====== DATA LISTING ======

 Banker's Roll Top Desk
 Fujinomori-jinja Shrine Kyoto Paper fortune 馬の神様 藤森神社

======
====== DATA LISTING ======

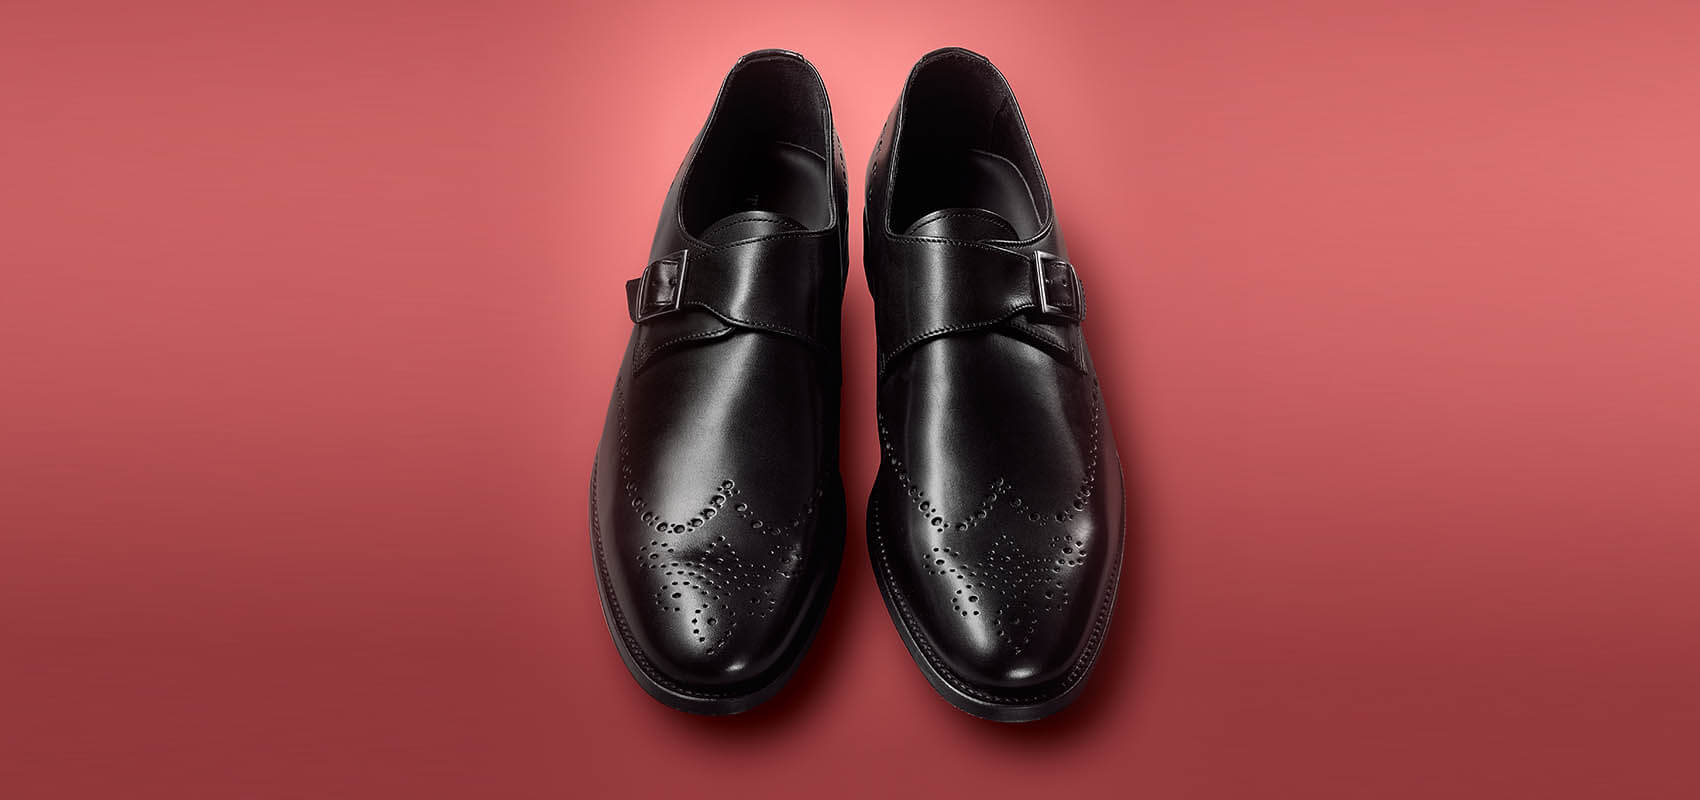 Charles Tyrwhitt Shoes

======

**WHAT IS BEING ASKED**
As the answer, set down only the lines from the data above between the one holding "Banker's Roll Top Desk" and the one holding "Fujinomori-jinja Shrine Kyoto", inclusive, exactly as they read.

**EXERCISE SOLUTION**
 Banker's Roll Top Desk
 Fujinomori-jinja Shrine Kyoto Paper fortune 馬の神様 藤森神社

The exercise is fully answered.